(a) With the help of a labelled ray diagram, explain the construction and working of a Cassegrain reflecting telescope.

(b) An amateur astronomer wishes to estimate roughly the size of the Sun using his crude telescope consisting of an objective lens of focal length 200 cm and an eyepiece of focal length 10 cm. By adjusting the distance of the eyepiece from the objective, he obtains an image of the Sun on a screen 40 cm behind the eyepiece. The diameter of the Sun’s image is measured to be 6·0 cm. Estimate the Sun’s size, given that the average Earth-Sun distance is 1.5\times 10^{11}m.

 

 

 
 
 
 
 

Answers (1)
S safeer

(a) Ray diagram;-

When the parallel rays from distance object are reflected by the large primary mirror. Then these rays fall on the secondary mirror which reflects these ray outside the hole, Thus, the final magnified image is formed.

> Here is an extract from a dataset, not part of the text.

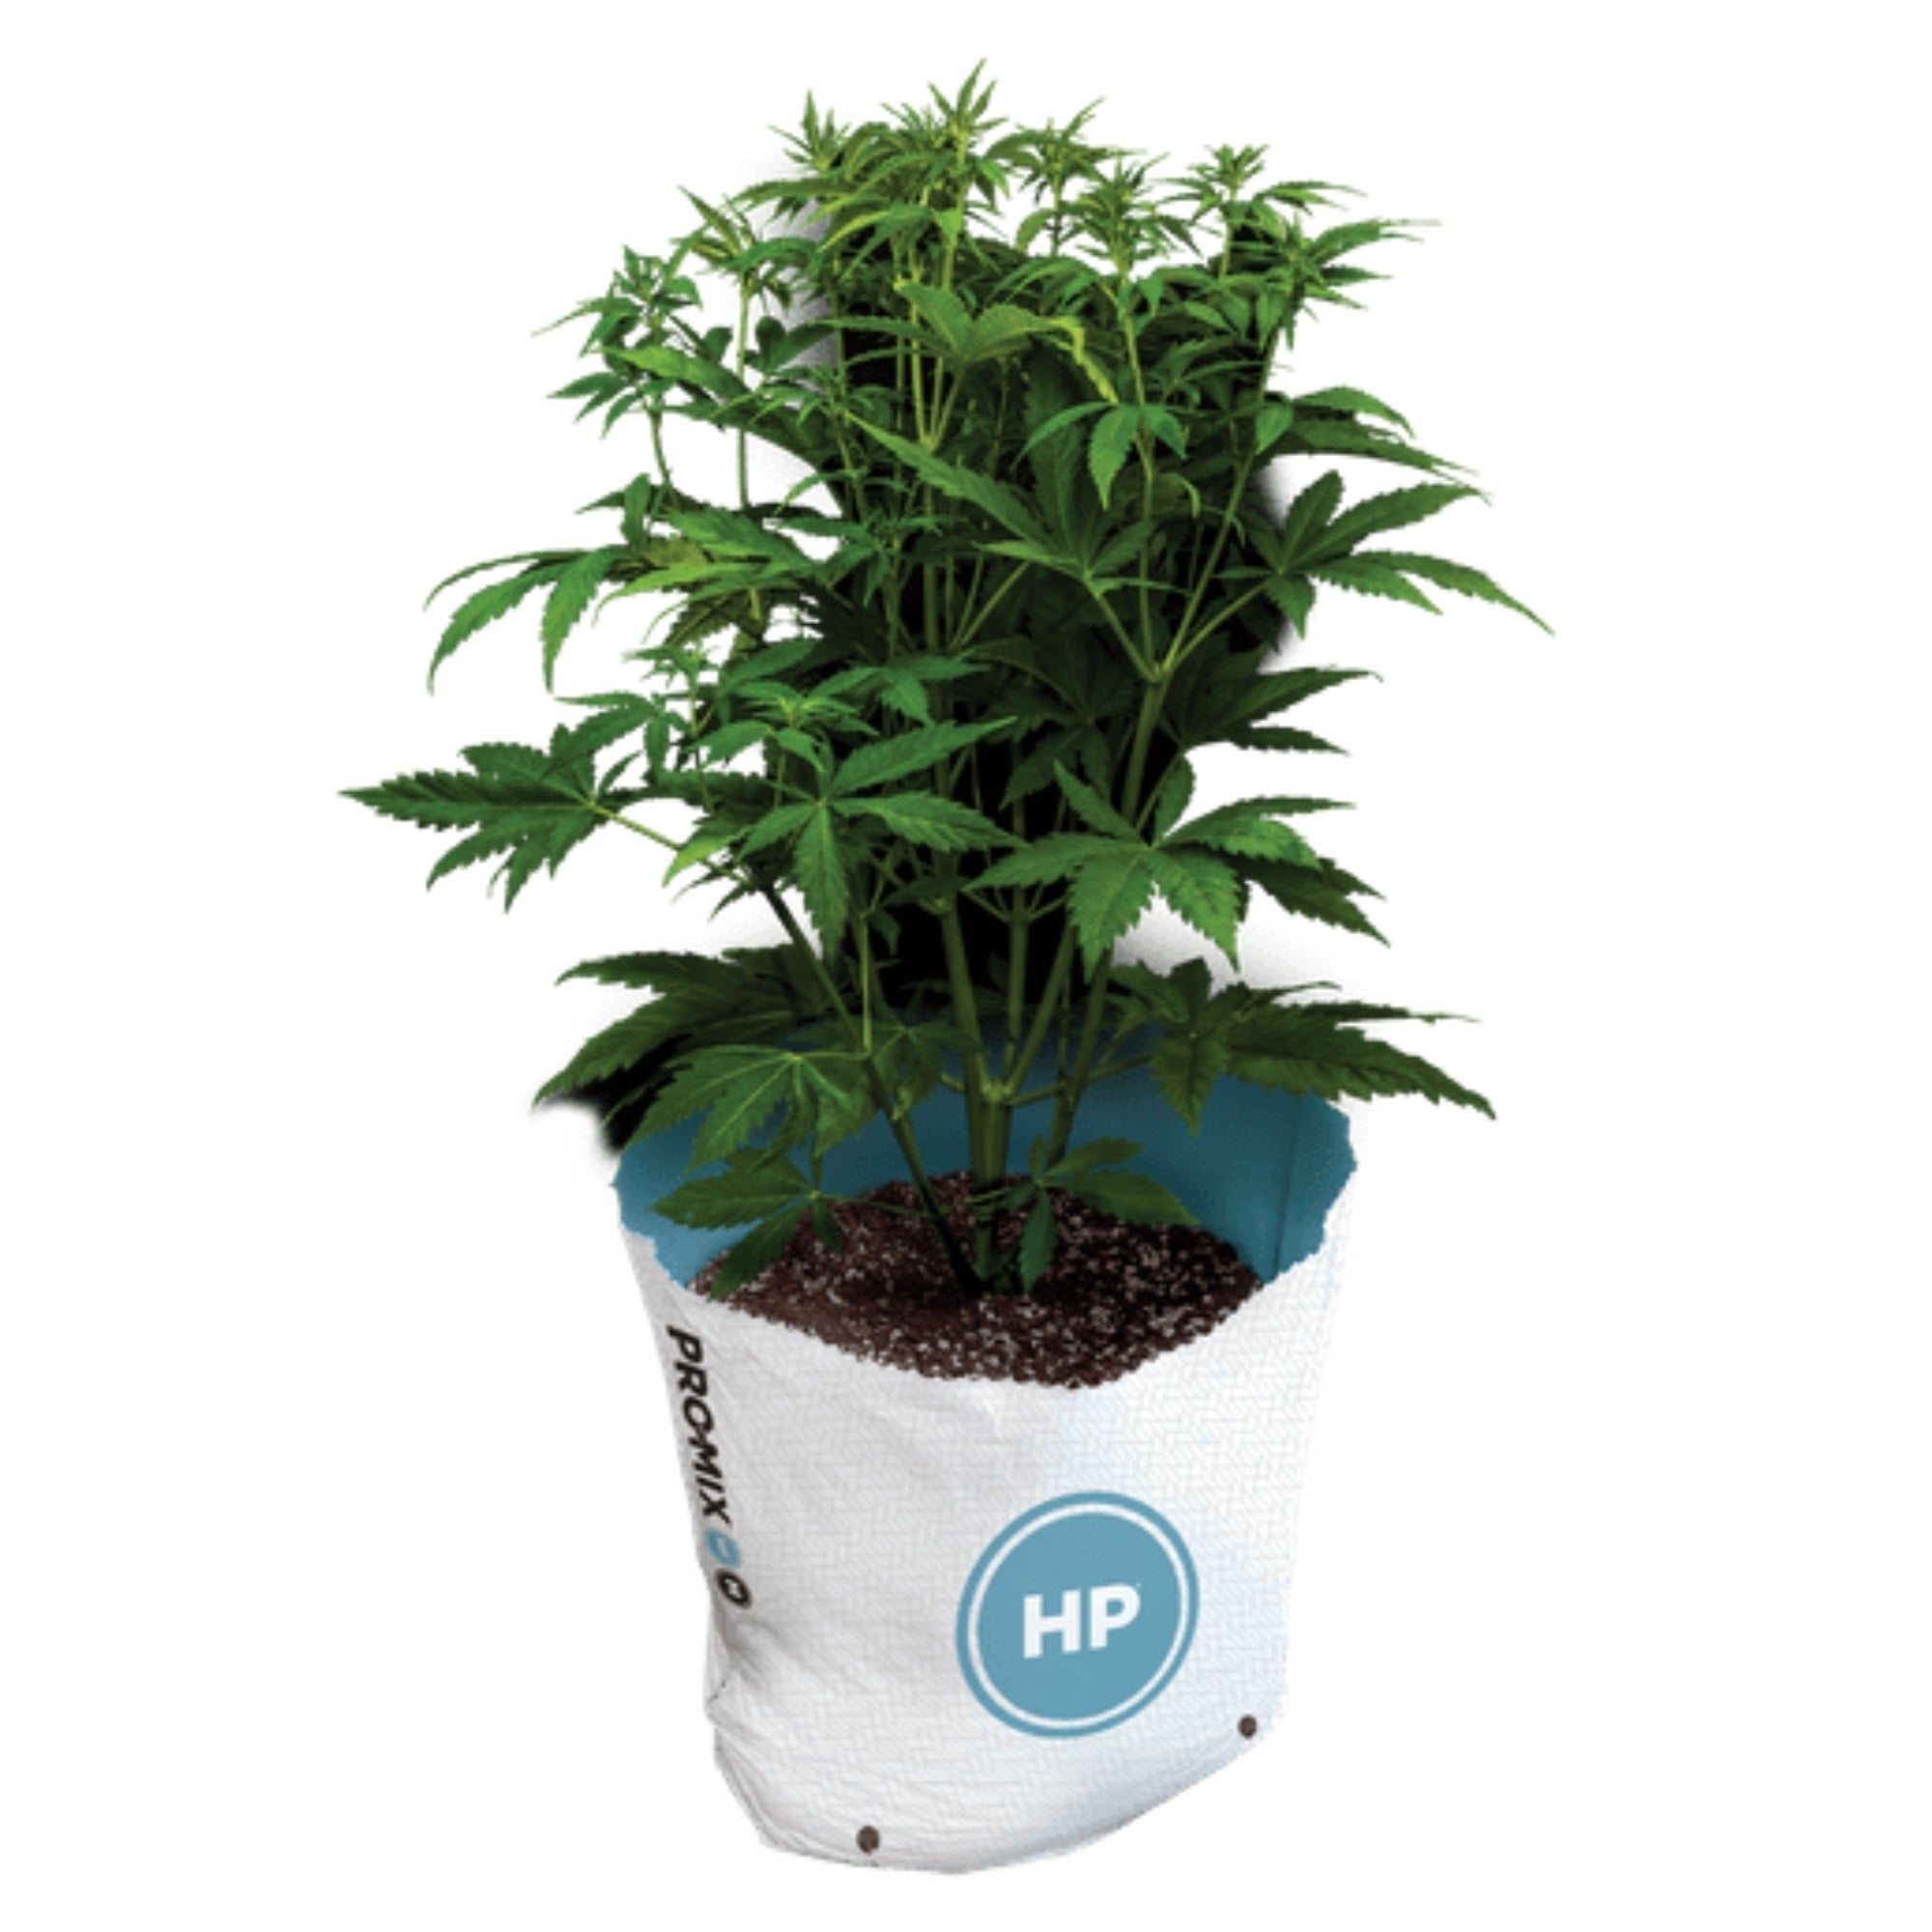 Pro-Mix HP Mycorrhizae Growing Medium Potting Soil, Open Top Grow Bag, 1 CF

(b) To calculate the sun's size,

We have

V_{e}=40\; cm and f_{e}=10\; cm

 for eyepiece ;

\frac{1}{u_e}=\frac{1}{40}-\frac{1}{10}

{u_e}=-\frac{40}{3}

Now, the magnification produced by eyepiece (m_{e}) is given as :

m_{e}=\frac{\nu _{0}}{\left | u_{e} \right |}=\frac{40}{\frac{40}{3}}=3

\therefore The diameter of the image formed by the objective is 

d=\frac{6}{3}

d=2\; cm

If D be the diameter of the sun then the angle subtended by it on the objective will be \alpha

\therefore \alpha =\frac{D}{1.5\times 10^{11}}rad _____(1)

Since Angle subtended by the image at the objective  = angle subtended by the sun.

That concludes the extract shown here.